BackfillRateLimiter — capped at 10% of writer throughput so live traffic stays prioritised.
Dual-read transform — readers see the v1 shape during backfill via an in-memory transform applied to v0 rows.
Atomic cutover — version bump is a single WAL frame; reads switch to v1-native on the next read.
Abort-only-pre-cutover — once cutover lands, the only path forward is an inverse-rewrite migration. Aborts in Backfilling state are safe and reversible.

Use online migrations any time the manifest version bumps. Stuck-in-Backfilling troubleshooting is in incident response → RUNBOOK.

Observability

EXPLAIN ANALYZE — append ?explain=true to any read endpoint. Returns the plan tree, per-stage row-counts, and elapsed micros. EXPLAIN reads hit the plan cache like normal queries; consult oc_plan_cache_hit_ratio.
/watch SSE — server-sent-events stream of cache-invalidation messages. Plumb it into your app cache to evict stale rows the moment a write commits.
OTLP push tracing — tail-based sampling. Configure the collector endpoint via the console; we push spans on every /v1 request, with the heavy-tail sampler retaining slow + error traces in full.
/metrics — Prometheus scrape, see signal table above.

Incident response

The full playbook is in docs/RUNBOOK.md.

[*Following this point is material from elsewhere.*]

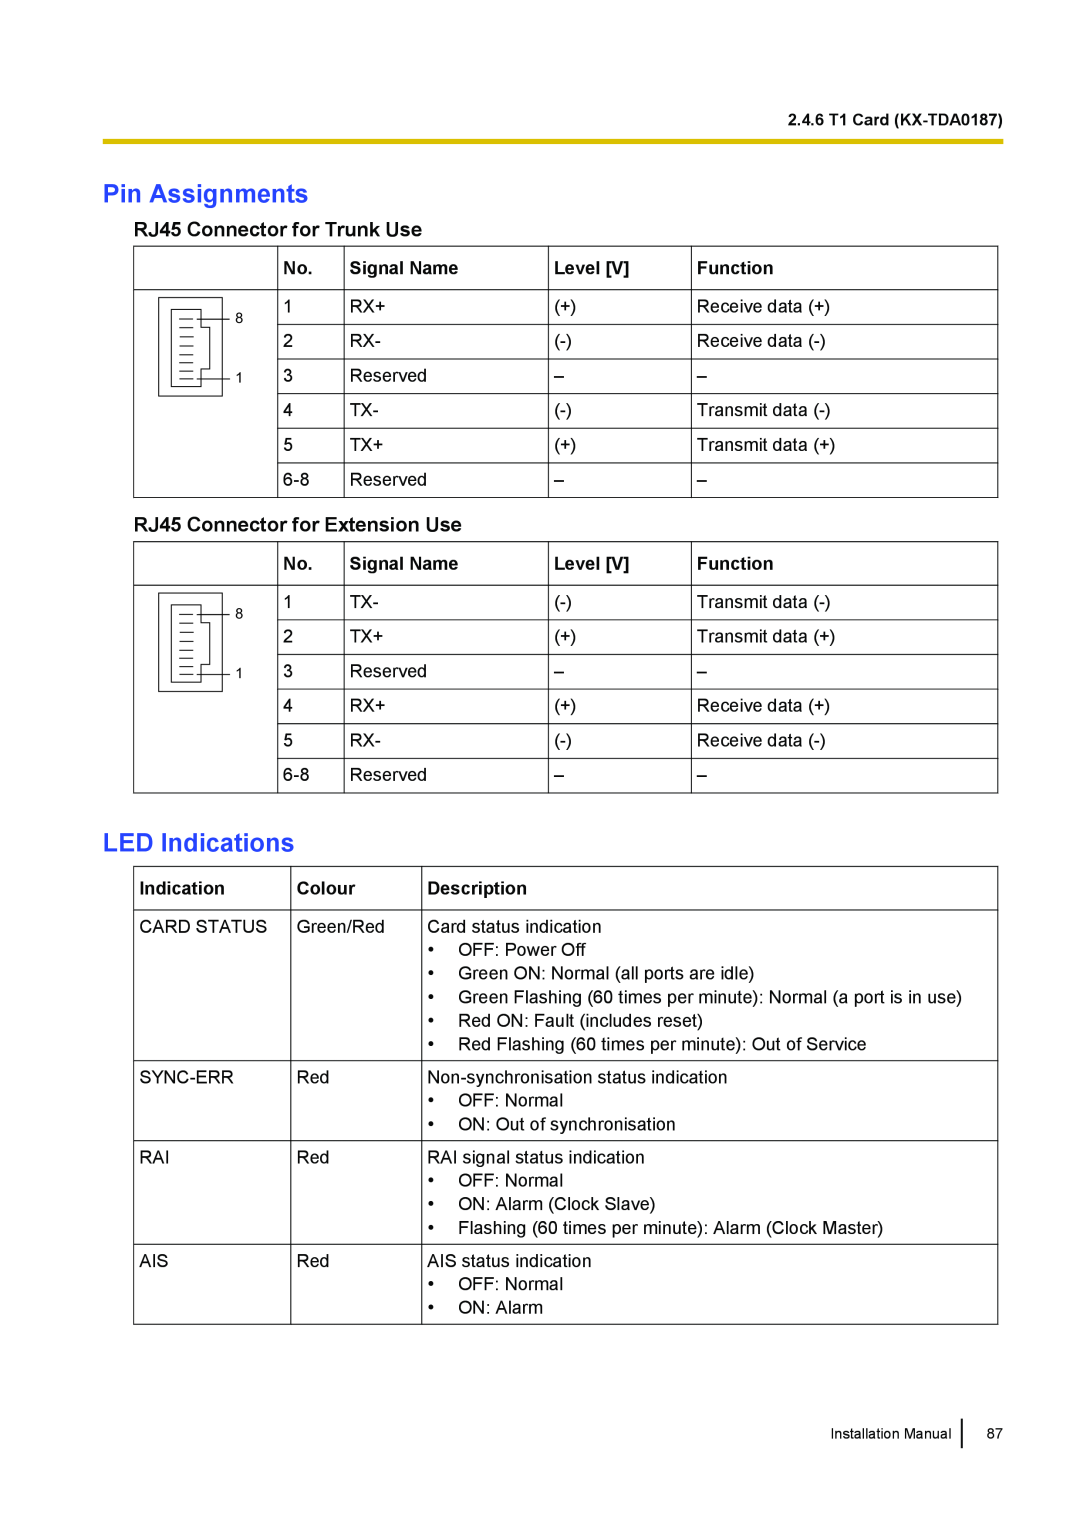 Panasonic KX-TDA100 Pin Assignments, LED Indications, RJ45 Connector for Trunk Use, RJ45 Connector for Extension Use

Highlights:

Pager severity: sev 1 (tenant down) → 5 min ack, 1 hr fix-or-mitigate. Sev 2 (one alarm tripped) → 15 min / 4 hr. Sev 3 (drift) → next business day.
Status page: publishes per-region health and incident timelines. Subscribers get email + webhook on any sev 1.
Stuck-in-Backfilling: abort the migration via POST /v1/tenants/:t/migrations/:id/abort, then resubmit.
Order of operations: stop the bleeding, find root cause, write a postmortem, fix the underlying problem. Quiet incidents become loud ones.

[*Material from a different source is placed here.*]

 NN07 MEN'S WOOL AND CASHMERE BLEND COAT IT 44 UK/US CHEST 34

Incidents today are handled by core engineering during extended business hours with best-effort overnight coverage; the pager-severity SLAs above are the targets we hold ourselves to. 24/7 named-engineer coverage is available on Enterprise — contact sales.

Compliance posture

SOC 2 Type 1: underway with Vanta/Drata and an external CPA. Contact for audit timeline; the in-flight gap analysis is available to procurement under NDA.
HIPAA BAA: available on Enterprise. PHI workloads must run in a region the BAA covers and on a dedicated-capacity instance.
GDPR DPA: available on Enterprise. EU-region (Frankfurt) instances support the DPA out of the box; data-subject deletion is documented in RUNBOOK.md.